URL: https://www.progressiverobot.com/serverless-inference-gradient/

Serverless inference is, rightfully, one of the hottest topics in both technical and non-technical circles of AI users, and for good reason. While controlling every aspect of a deployment is often necessary for deploying custom models, serverless takes away the headaches of maintaining and managing a model deployment and API endpoint. This can be incredibly useful for a myriad of different agentic LLM use cases.

In this tutorial, we will show how to get started with Serverless Inference on the Gradient Platform using the cloud provider API. Afterwards, we will discuss some of the potential use cases for the methodology in production and daily workflows.

Accessing Serverless Inference on the Gradient Platform

To get started, we can either use the cloud provider API or the Cloud Console. Let’s look at each methodology.

Step 1a: Create a cloud provider API Key

To get started, you first need to create your own cloud account and login. Once you’ve done so, navigate to the team space of your choice. From here, we will create a cloud provider API key. This will help us create our model access token later on, so we can actually skip this step and go to the section "Step 2b: Create a Model Access key with the Cloud Console".

Use the navigation bar on the left hand side of the homepage, and scroll down until you see “API”. Click in to open the API homepage. We can then use the button on the top right to create a new key.

In the key creation page, name your key as needed and give appropriate permissions. To do this, either give full permission or scroll down to “genai” in the custom scope selection and select all. Then, create the key. Save this value for later.

Step 2A: Create a Model Access key with the API

Next, we are going to make our model access key for Gradient’s Serverless Inference. To do so, we can either use the console or API. To use the API, use the saved API key from earlier with the following curl request in your terminal. Replace the value for “$the cloud provider_TOKEN” with your own.

				
					curl -X POST -H 'Authorization: Bearer $the cloud provider_TOKEN' https://developer.mozilla.org/en-US/docs/Web/HTTP

This will output our model access key. Save this value for later. We will need it to query the model.
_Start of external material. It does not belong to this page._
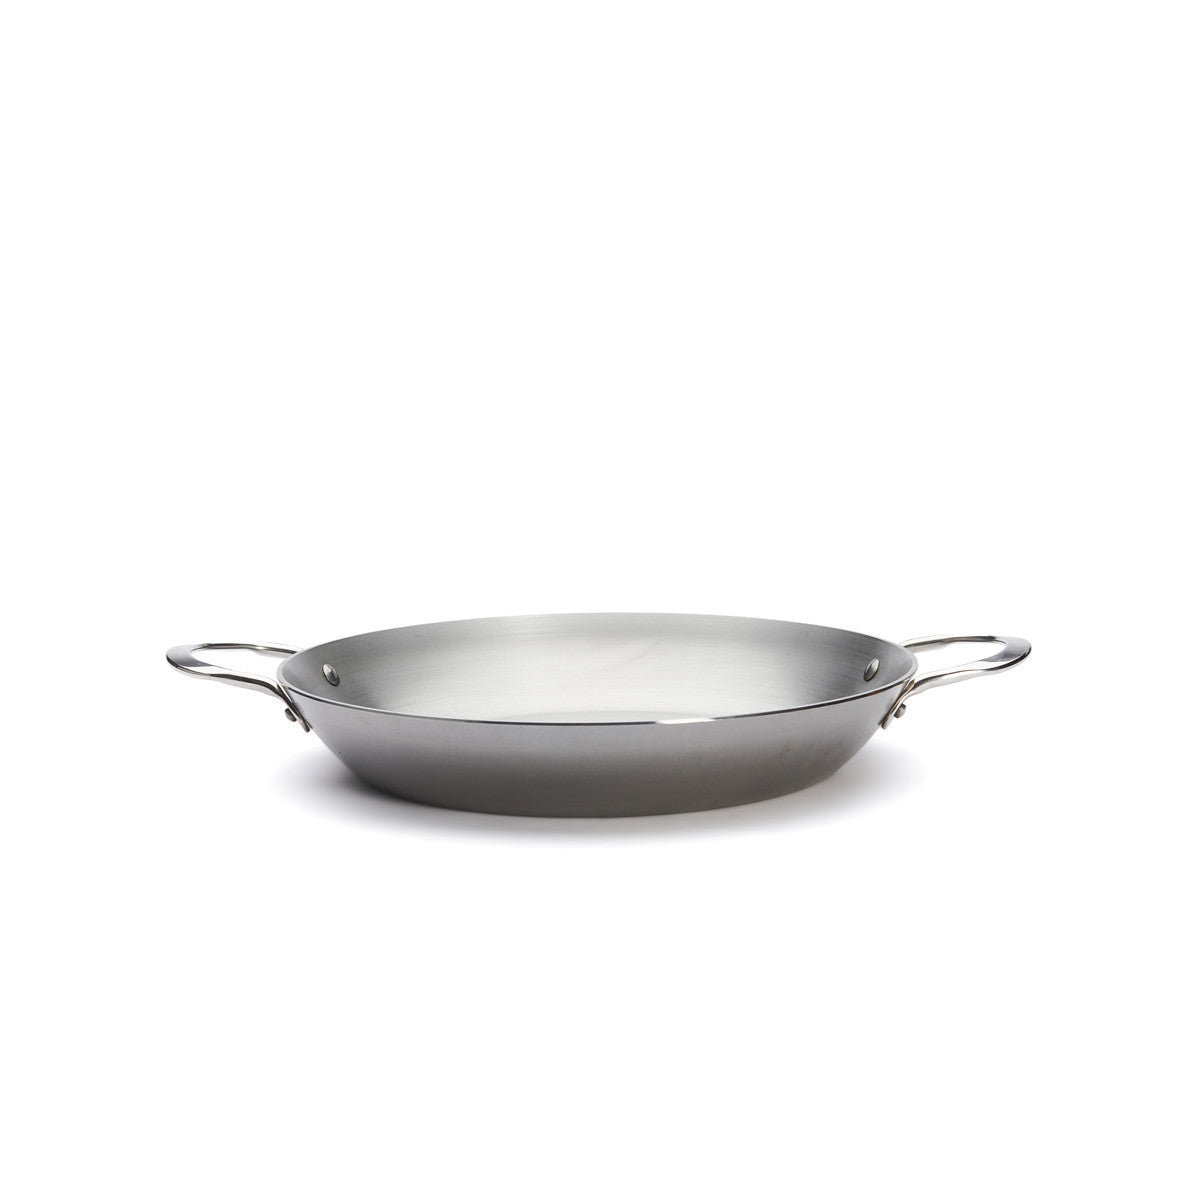 De Buyer Mineral B frying pan, 2 handles

Step 2B: Create a Model Access key with the Cloud Console

If we want to use the console, simply navigate to the Gradient platform tab “Serverless Inference” in the Console. Once there, use the button on the bottom right to “Create model access key”.

Then, all we have to do is name our key. Save the output value for later! We will need it for Serverless Inference with Python.

Step 3: Generating Text with Python and Serverless Inference

With our new model access key, we can begin running the cloud provider Serverless Inference from any machine with internet access! We recommend working from a Jupyter Notebook. Follow the steps outlined in this tutorial for tips on setting up your environment for this article.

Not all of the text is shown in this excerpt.